# House of the Damned



## Rubex (Oct 22, 2015)

This house sits in the middle of a field that the local farmer uses to graze his sheep. There is no road access to the property so it was a 5 minute stroll through woodland, over a stone wall and then a few minute walk downhill to the house. This place really is amazing, it's full of all the old stuff you'd expect to see. There's even washing still hanging in the front room! The house itself is rather small, and consists of a living room, a kitchen, pantry, and two bedrooms. 





















































































Thanks for looking,

Rubex


----------



## Caz21 (Oct 22, 2015)

Amazing pictures, time stood still


----------



## odeon master (Oct 22, 2015)

loving the sheep in the last photo, where do you keep finding these out in the sticks houses?


----------



## HughieD (Oct 22, 2015)

Doh. And there's me expecting to see Captain Sensible pop out. Great set again Rubex.


----------



## mockingbird (Oct 23, 2015)

Loved this place (2 years ago maybe a few months less) Last time though I walked upstairs an a sheep was waiting for me, it darted out and made me jump, so much has moved about unreal!  good set rubex!


----------



## Mikeymutt (Oct 23, 2015)

Nice set you got there rubex..where is the pic of the other sheep


----------



## UrbanX (Oct 23, 2015)

Another fantastic report. Watch out for the guard sheep!  
thanks for sharing


----------



## smiler (Oct 23, 2015)

That is one of loveliest places I've seen on the forum, Thanks Rubex


----------



## Rubex (Oct 23, 2015)

mockingbird said:


> Loved this place (2 years ago maybe a few months less) Last time though I walked upstairs an a sheep was waiting for me, it darted out and made me jump, so much has moved about unreal!  good set rubex!

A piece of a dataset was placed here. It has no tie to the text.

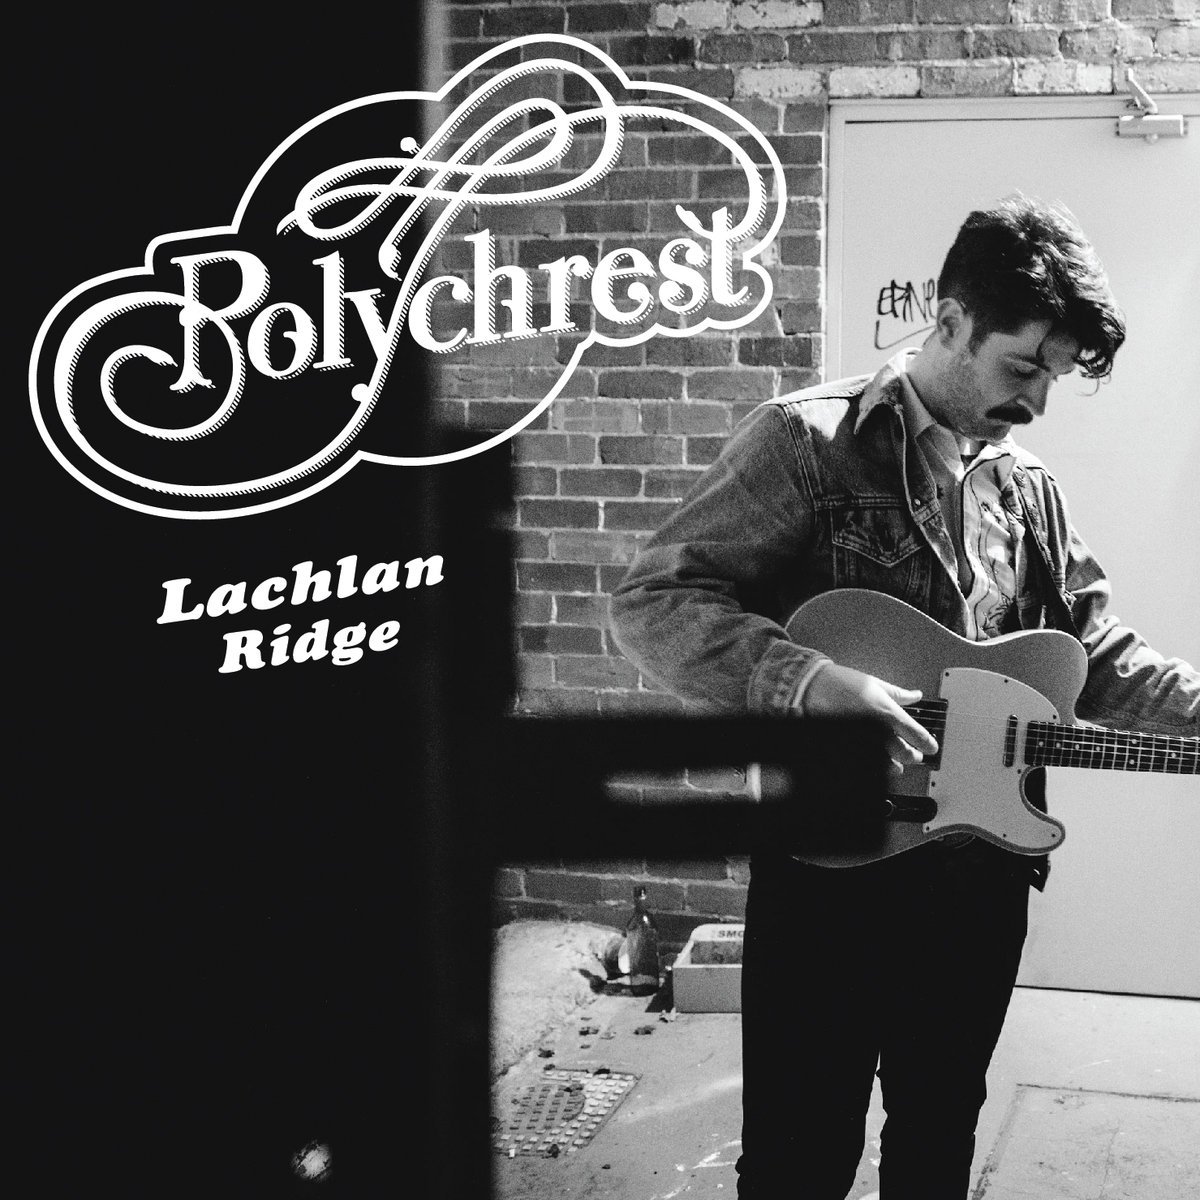 Lachlan Ridge - "Polychrest" [Mastering (JP) (Recorded by Tom Barnes at Soundpark Studios)]

Haha that's brilliant! I bet that did make you jump! Would have been funny to witness it though lol



Mikeymutt said:


> Nice set you got there rubex..where is the pic of the other sheep



Oh that poor sheep  I deleted the photo. At least he died there and not at the slaughter house I guess!



UrbanX said:


> Another fantastic report. Watch out for the guard sheep!
> thanks for sharing



That's what I was thinking! The farmer has hired his own sheep security :laugh:



smiler said:


> That is one of loveliest places I've seen on the forum, Thanks Rubex



I agree smiler! I was really looking forward to visiting this one. I really loved it here and it was nice to have the sheep and wildlife around as well


----------



## Badger (Oct 24, 2015)

Rubex, you really do have a great ability to catch the ordinary stuff that really sticks out to me. Like the colours and textures of the old paint on fireplaces and woodwork. I also like the Aga. I haven't seen that before which is incidentally a really early one......Thanks.


----------



## flyboys90 (Oct 24, 2015)

What a tranquil little house and nice neighbours too. Brilliant images,thanks for sharing.


----------



## Rubex (Oct 24, 2015)

Badger said:


> Rubex, you really do have a great ability to catch the ordinary stuff that really sticks out to me. Like the colours and textures of the old paint on fireplaces and woodwork. I also like the Aga. I haven't seen that before which is incidentally a really early one......Thanks.



Thank you Badger, that's very lovely of you to say


----------



## TheNarrator (Oct 24, 2015)

I love that 6th photo. Oddly the bottle of etheric ammonia is actually worth something!! The things people are willing to buy hey!


----------